Contents
TYK2 Enzyme Identified in the Development of Intracellular Tau Neurofibrillary Tangles
Discovery of TYK2’s Role in Tau Protein Aggregation
Role of TYK2 enzyme in producing intracellular tau protein aggregates associated with Alzheimer’s disease unveiled
Researchers at Baylor College of Medicine and collaborating institutions have uncovered the role of the enzyme tyrosine kinase 2 (TYK2) in the formation of intracellular tau protein aggregates linked to Alzheimer’s disease. This breakthrough paves the way for potential therapeutic interventions targeting tau-induced neurodegenerative disorders.
Mechanism Behind Tau Aggregation Revealed
Understanding how TYK2 and tau interact to cause aggregation
Tau protein normally binds to and stabilizes microtubules essential for the structure of nerve cell axons. However, excessive phosphorylation of tau leads to its dissociation from microtubules, spreading to neighboring cells, and forming neurofibrillary tangles (NFTs) inside cells. These NFTs are a hallmark of various neurological disorders, including Alzheimer’s disease. Previous research suggested the involvement of TYK2 in NFT development through genetic screening.
Exploration of Tau Phosphorylation by TYK2
Identification of TYK2 phosphorylation of tau at tyrosine 29
In vitro studies using human cells and transgenic mouse models expressing aggregate-forming tau revealed that TYK2 specifically phosphorylates tau at tyrosine 29. Mutating this tyrosine residue prevented tau phosphorylation by TYK2, indicating its crucial role in tau aggregation. Mice expressing a tau variant with a phosphorylation-blocking mutation at tyrosine 29 showed reduced levels of hyperphosphorylated insoluble tau, highlighting the significance of this phosphorylation site in tau accumulation.

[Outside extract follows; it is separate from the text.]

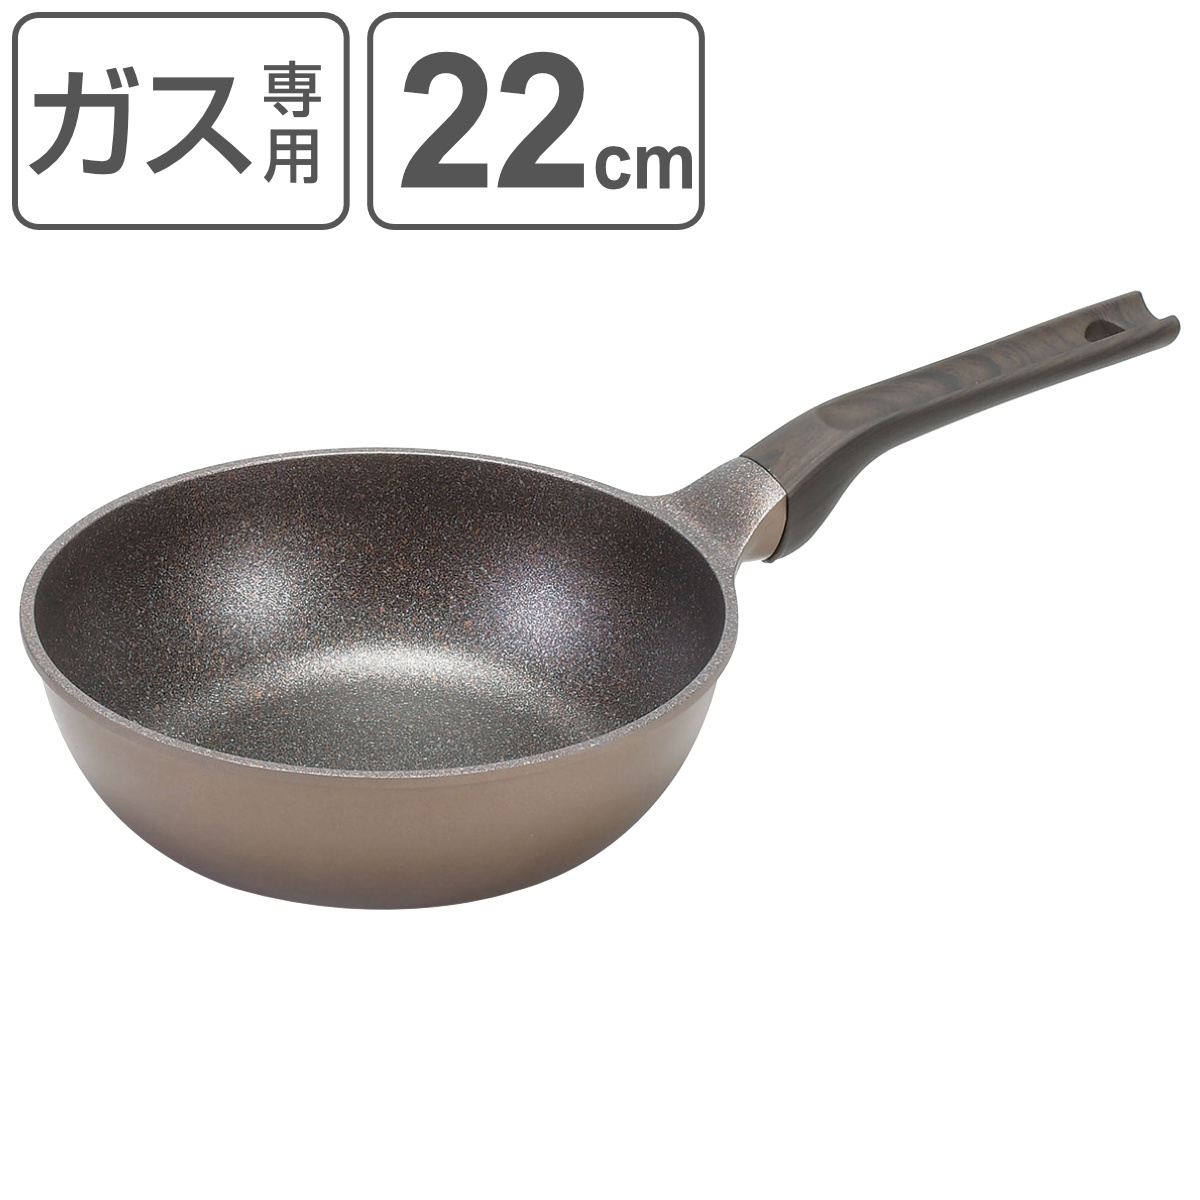 フライパン 22cm 深型 菜箸が置ける メガストーン深型フライパン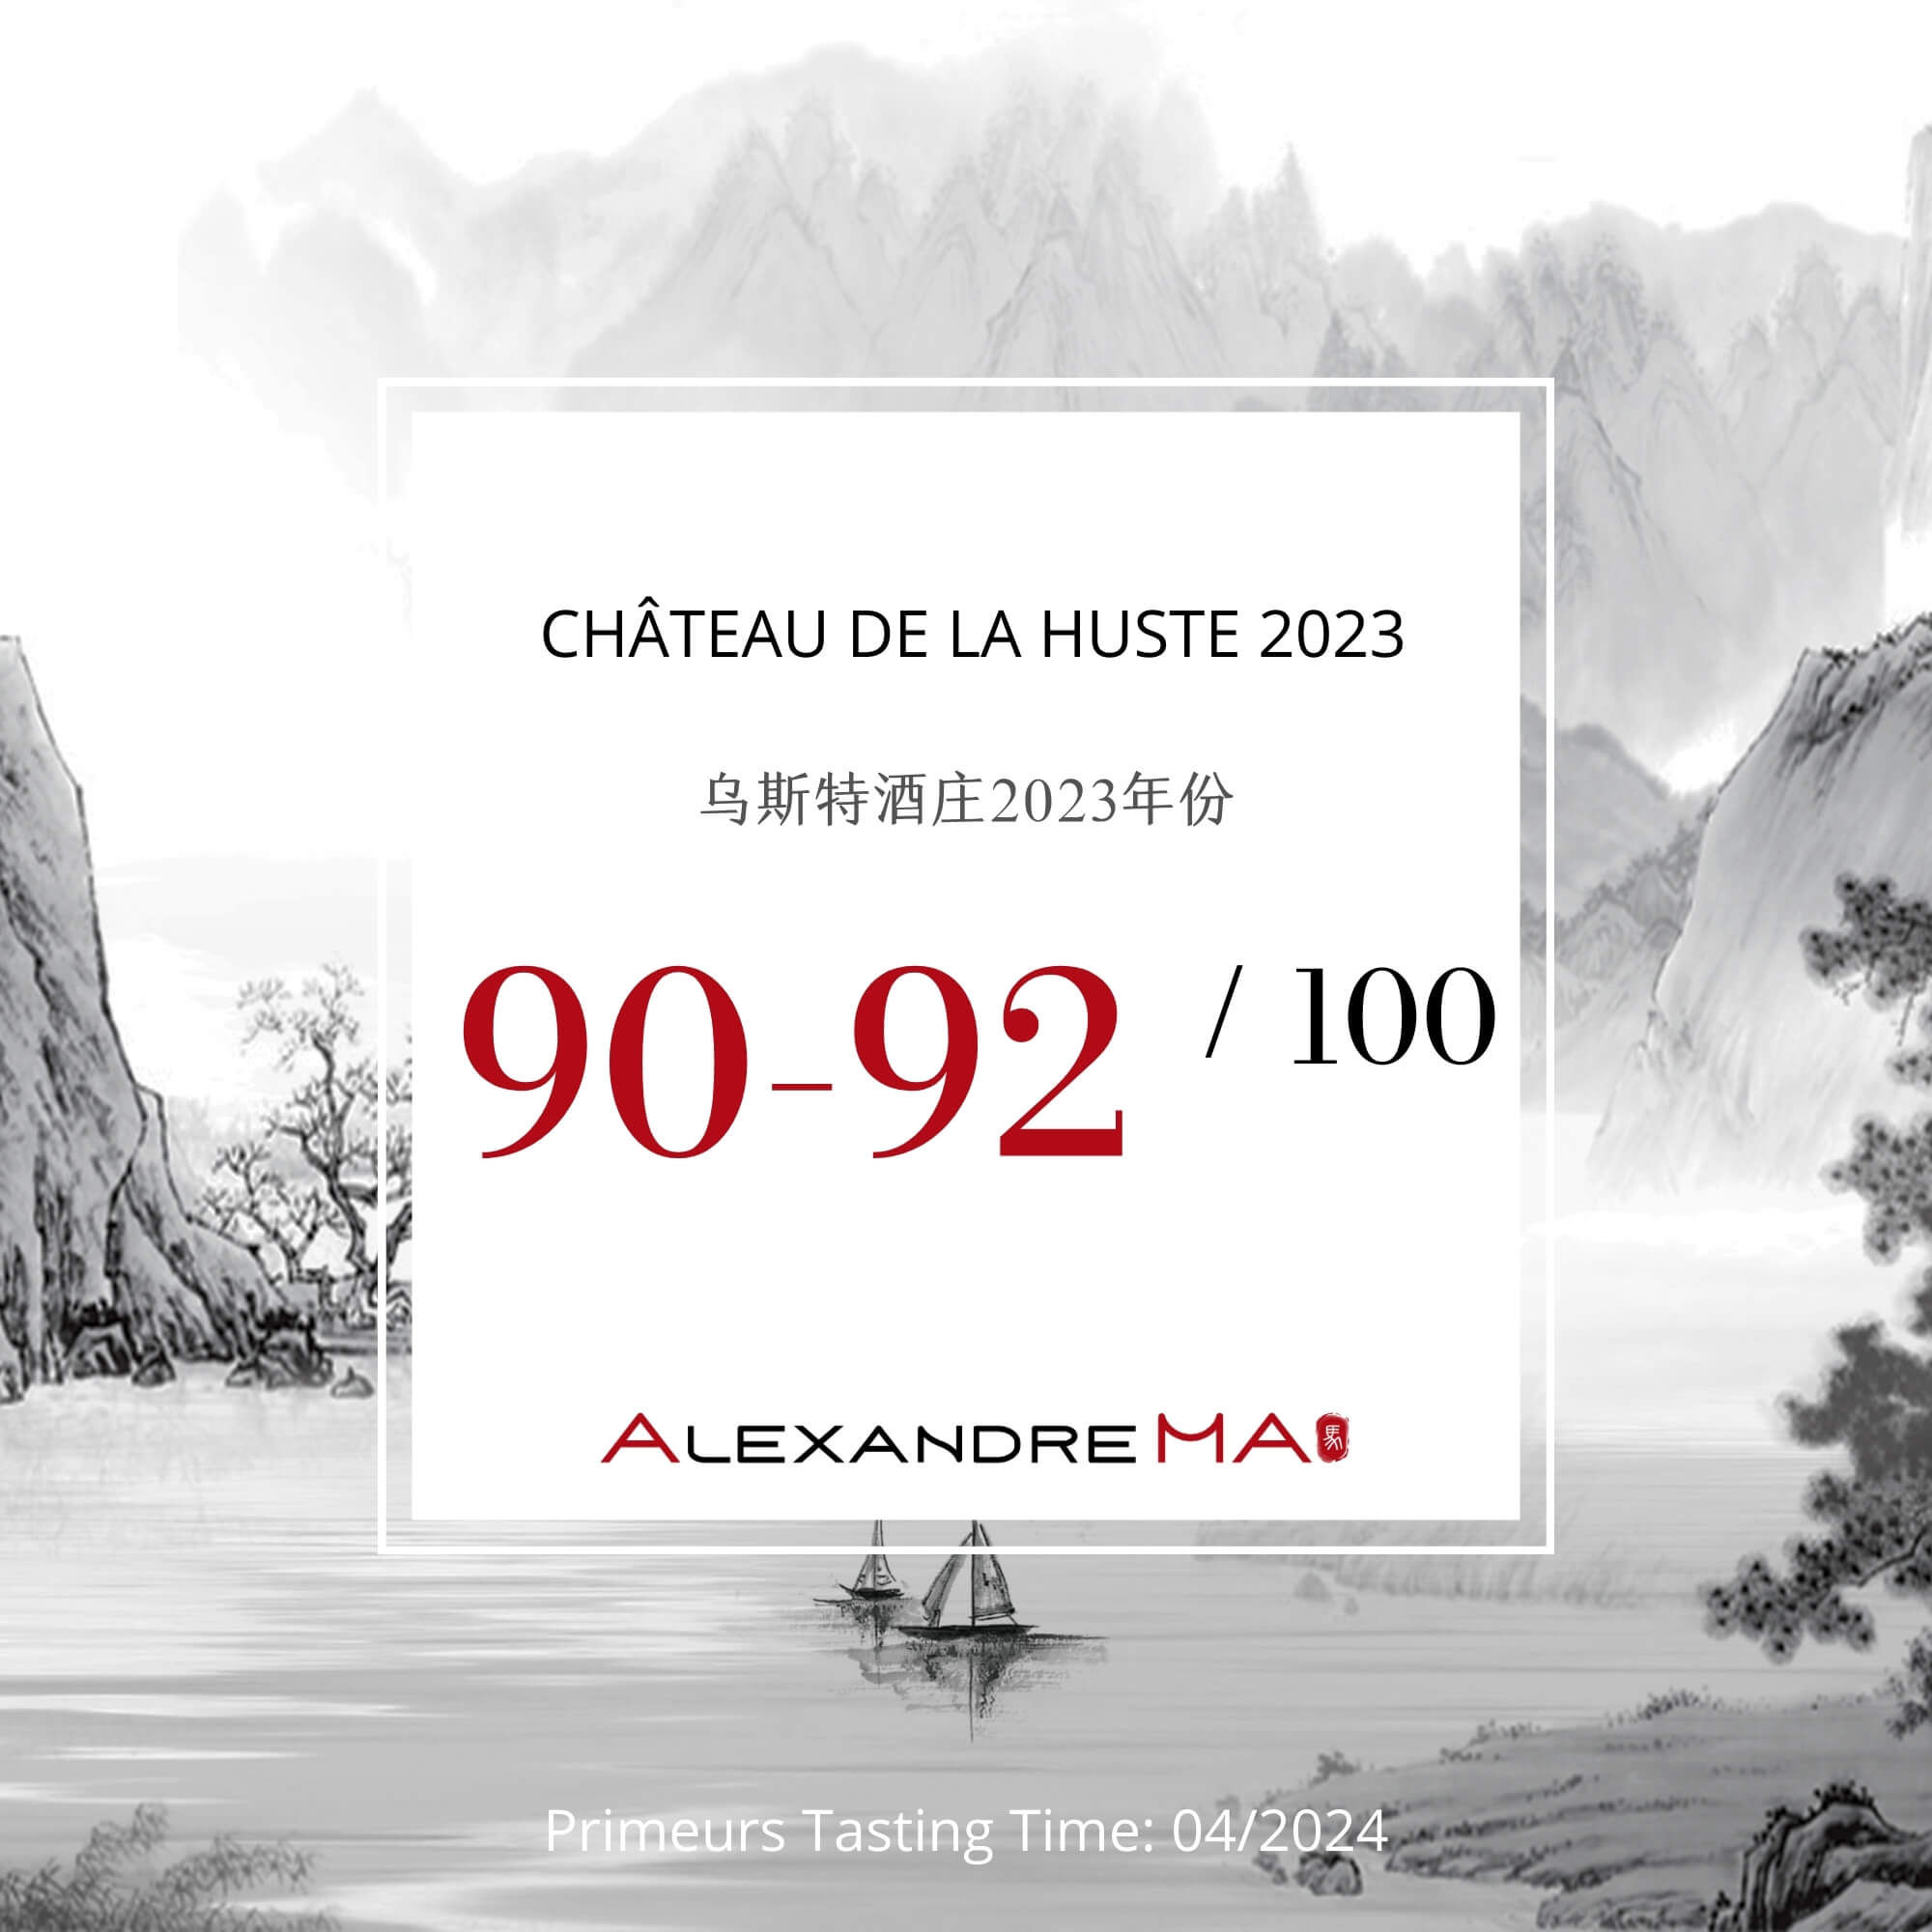 Château de La Huste 2023 Primeurs 乌斯特酒庄 - Alexandre Ma

Potential Therapeutic Implications
Exploring the use of TYK2 inhibitors for treating tau-induced dementias
Phosphorylation of tau at tyrosine 29 enhances tau stability and inhibits its clearance through cellular processes like autophagy, leading to increased aggregation. The study’s findings suggest that targeting TYK2 with existing inhibitors could hold promise for treating Alzheimer’s disease and related neurodegenerative conditions. Further research is needed to determine the efficacy of these inhibitors in reducing tau levels in the brain, setting the stage for future therapeutic developments in this area.